What's more, the apprentice, Fletcher seems to have influenced the master, Shakespeare, so even the fanciful idea that the Shakespearean half of Two Noble Kinsman might have been written eight years before Fletcher picked it up and finished it is rendered untenable. Worse yet, the influence is most palpable in The Tempest, a play Oxfordians have gone to extreme but futile lengths to redate. The ONDB again:

The Tempest echoes the structure of The Faithful Shepherdess (by Fletcher), and the collaborations show influence going both ways: The Two Noble Kinsmen is a darker reworking of Chaucer's Knight's Tale than was A Midsummer Night's Dream, and Henry VIII draws not only on Shakespeare's earlier history plays but also on a scene from The Maid's Tragedy.
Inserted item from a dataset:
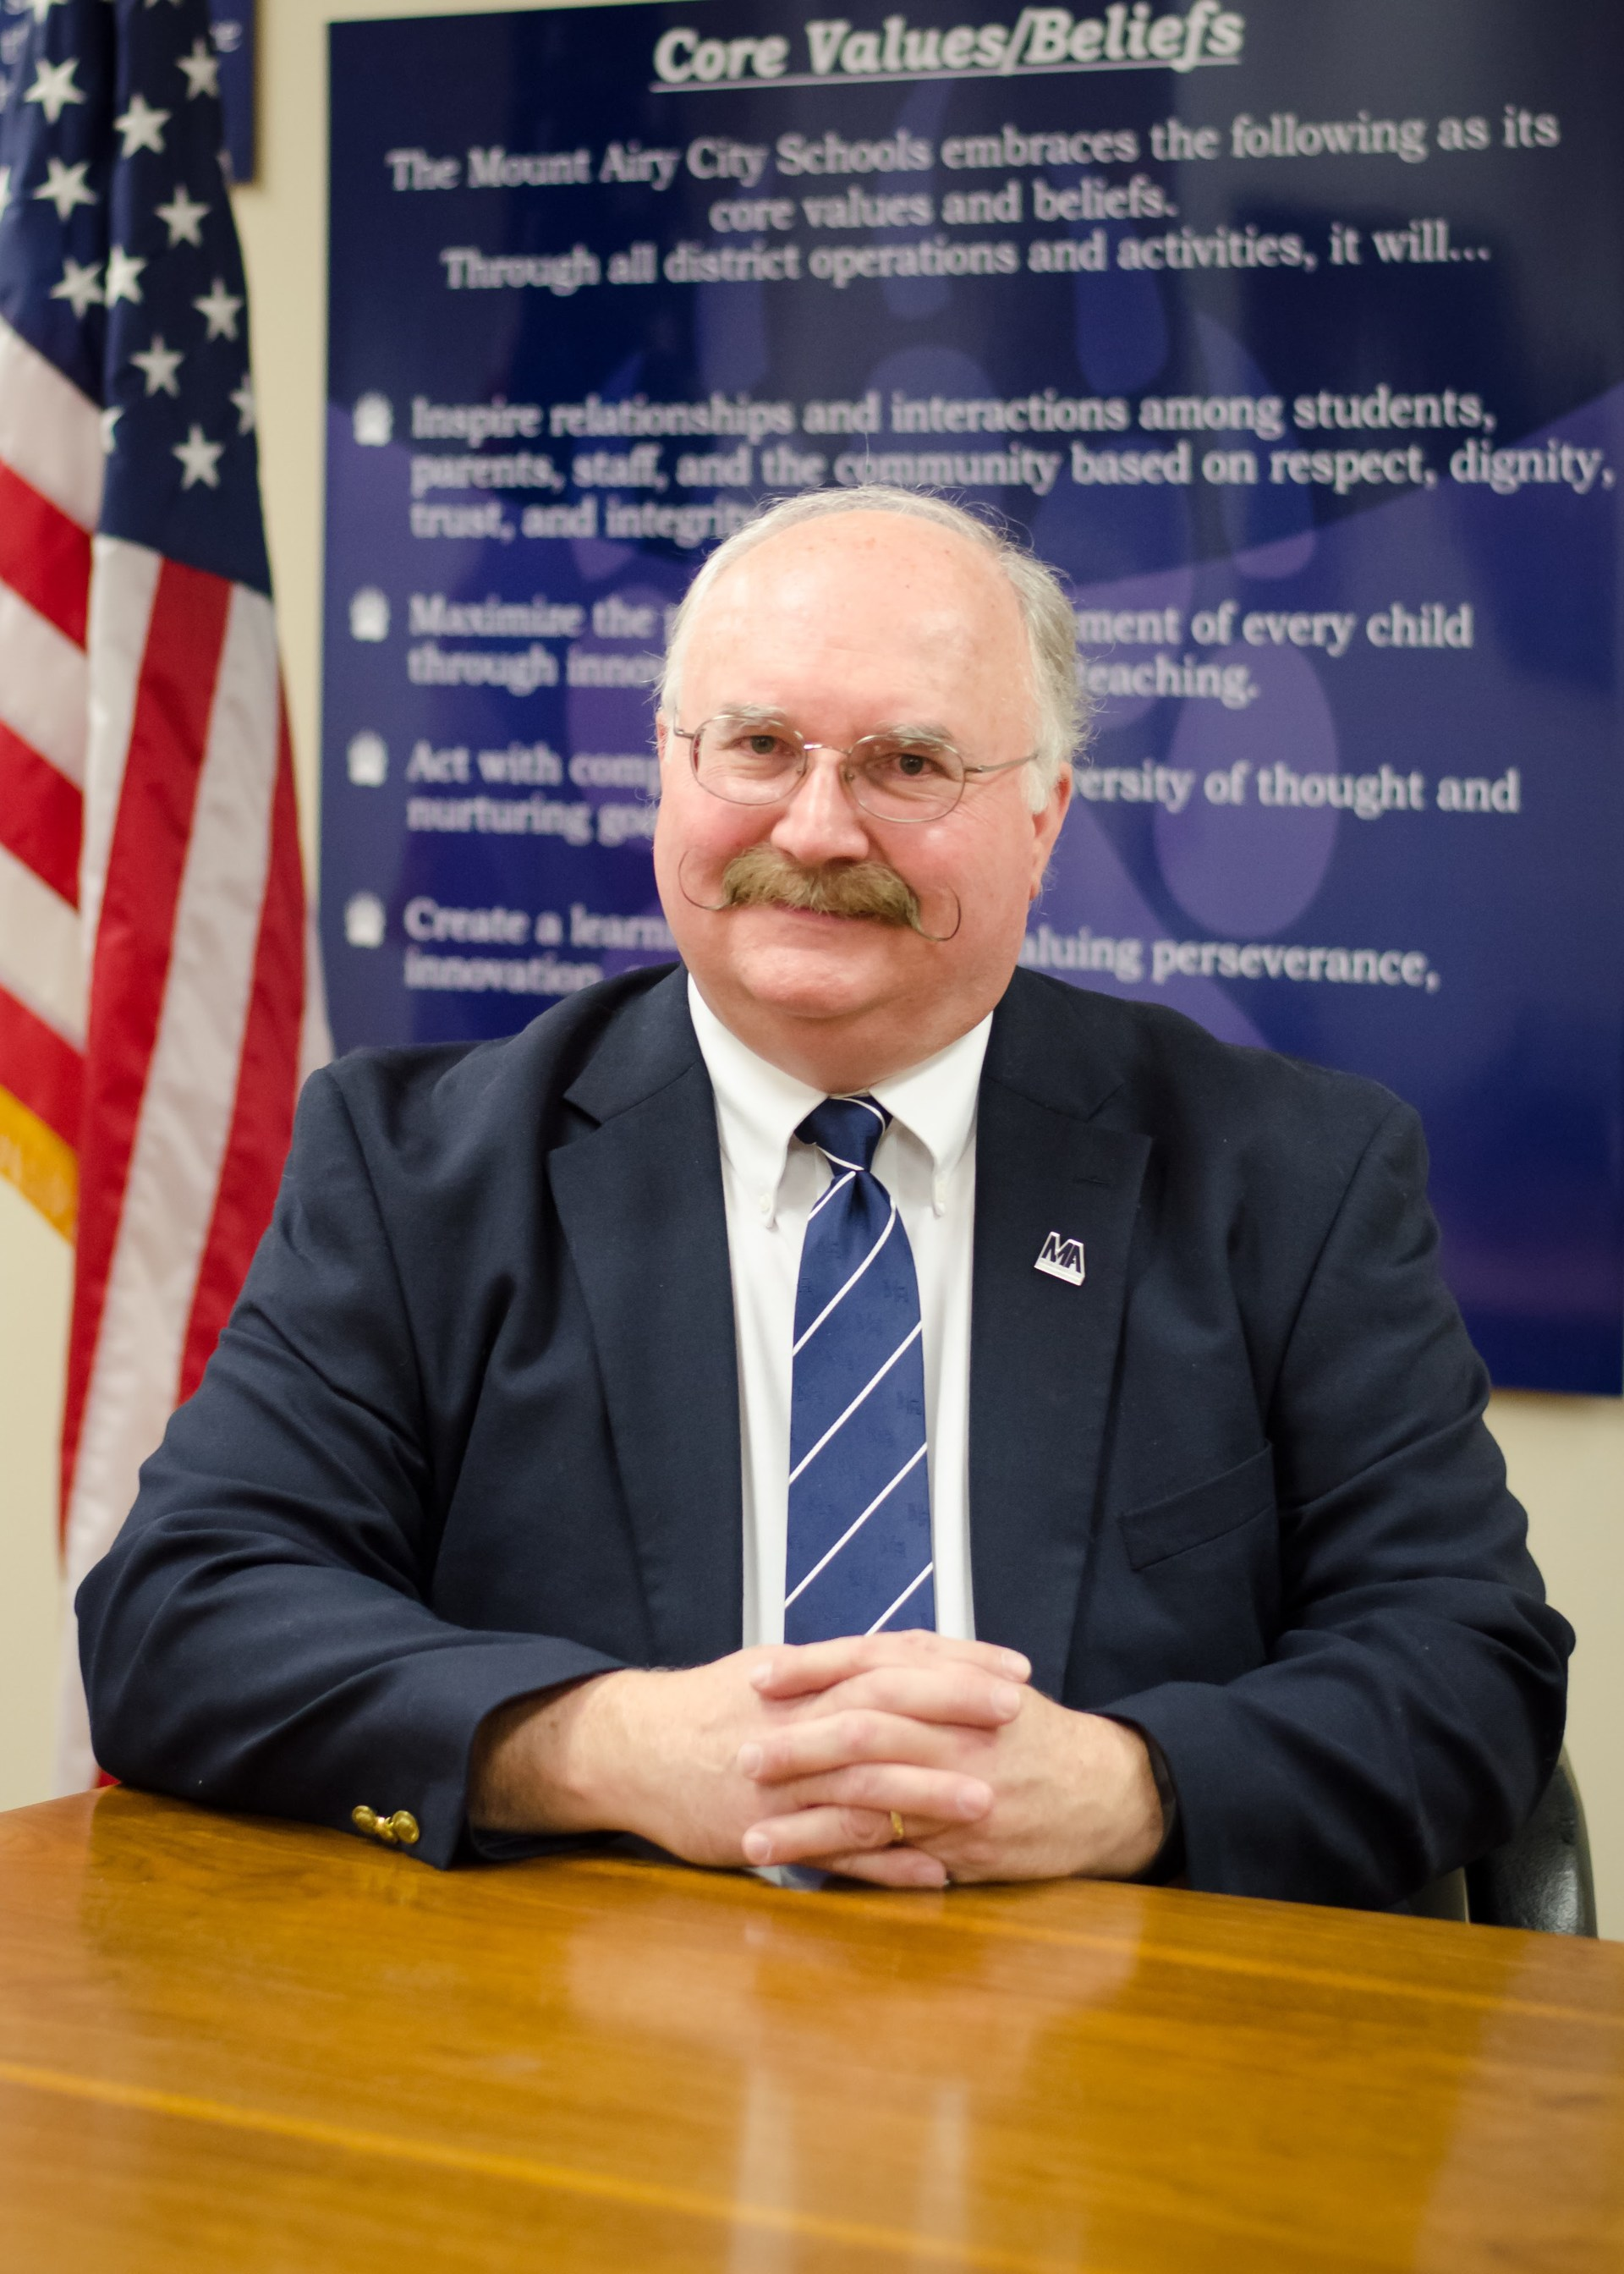 Meet The Board Board Of Education Mount Airy City Schools

The critical desire to demonstrate that one or other of the two (typically presumed to be Shakespeare) ‘invented’ the genre of romantic tragicomedy continues to misrepresent the mutual/competitive nature of the development of genre in the Jacobean theatre. 

The three plays may not be Will's finest work—though since we don't know much about Cardenio, it's wise not to be too prescriptive. However that's not relevant to the damage they do to the idea that Oxford could have had a hand in them.

He couldn't. And didn't. He was dead.

So without proving things that can't be proved, Oxfordians cannot explain how Shakespeare came to be working with Fletcher years after their Earl had joined the choir invisible.